Appreciatie subamendement met Kamerstuk 36 194, nr. 26, thans nr. 36

Tijdens het wetgevingsoverleg heb ik toegezegd een schriftelijke appreciatie ten aanzien van subamendement met Kamerstuk 36 194, nr. 26, thans nr. 36, van het lid Hijink te geven.

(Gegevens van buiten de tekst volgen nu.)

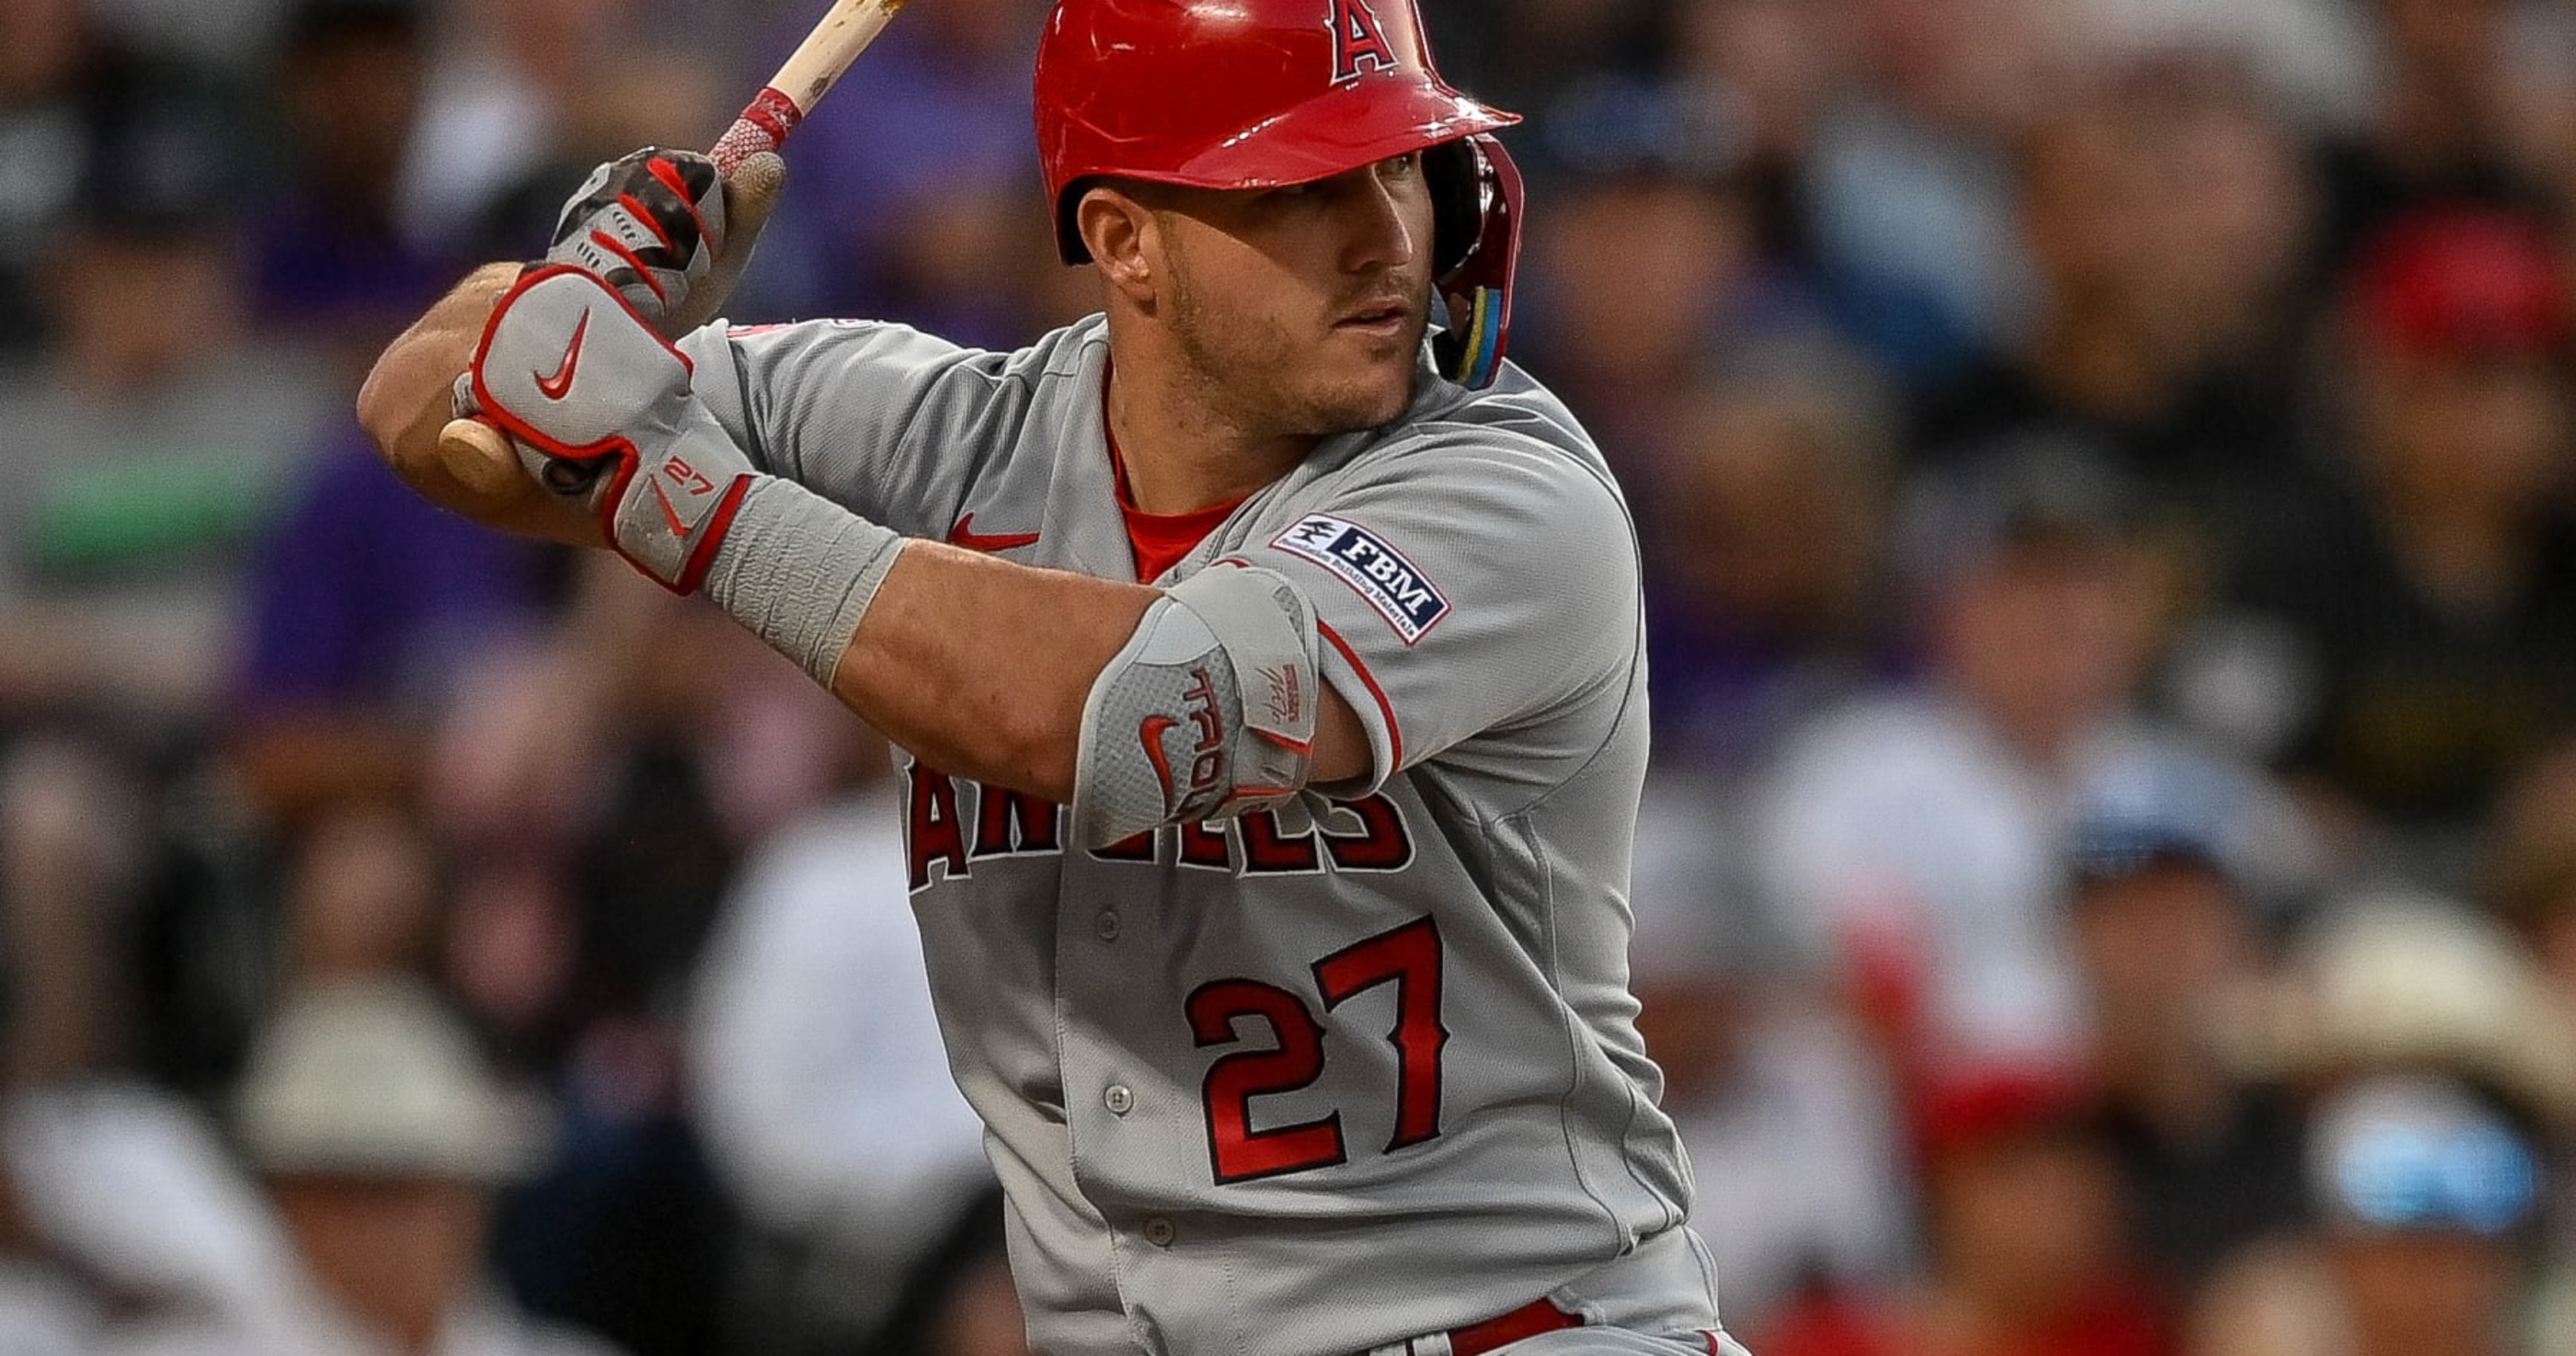 On this date five years ago, Mike Trout changed the face of the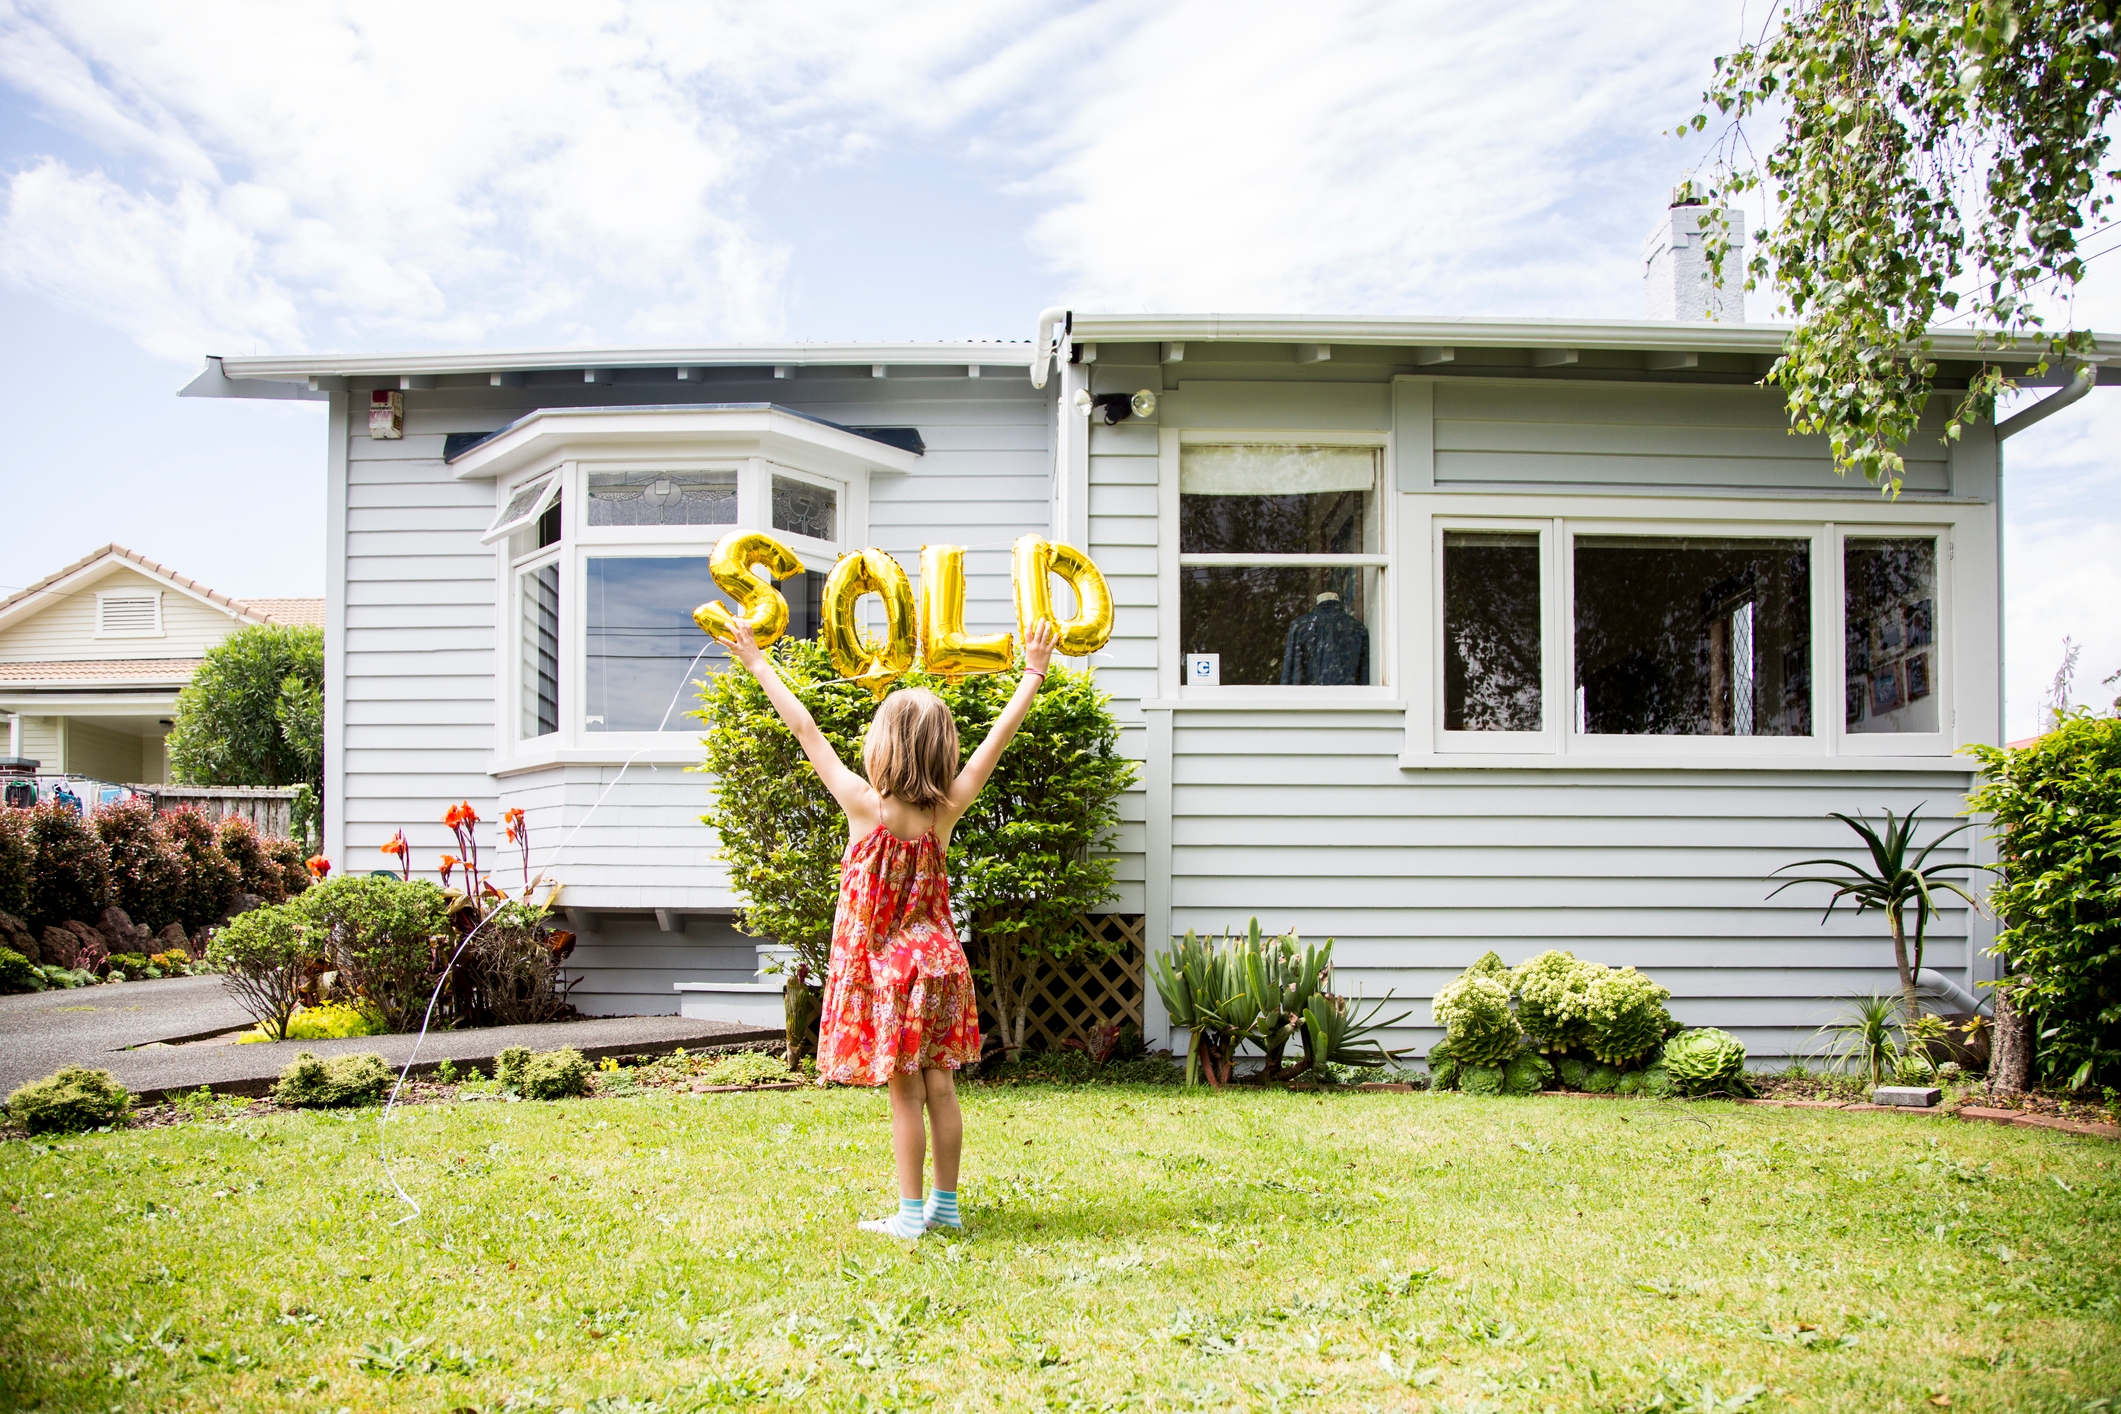 Little girl holds up gold balloons that read 'SOLD' in front of a house

Het subamendement van het lid Hijink met Kamerstuk 36 194, nr. 36, voorziet in een wijziging van het door de leden Westerveld en Kuiken ingediende amendement met Kamerstuk 36 194, nr. 18, waarin een vervaltermijn van acht weken is toegevoegd voor collectieve maatregelen die zijn getroffen op basis van de noodbevoegdheid. Ik heb amendement met Kamerstuk 36 194, nr. 18 tijdens het wetgevingsoverleg van afgelopen maandag 12 december, aan het oordeel van de Kamer gelaten.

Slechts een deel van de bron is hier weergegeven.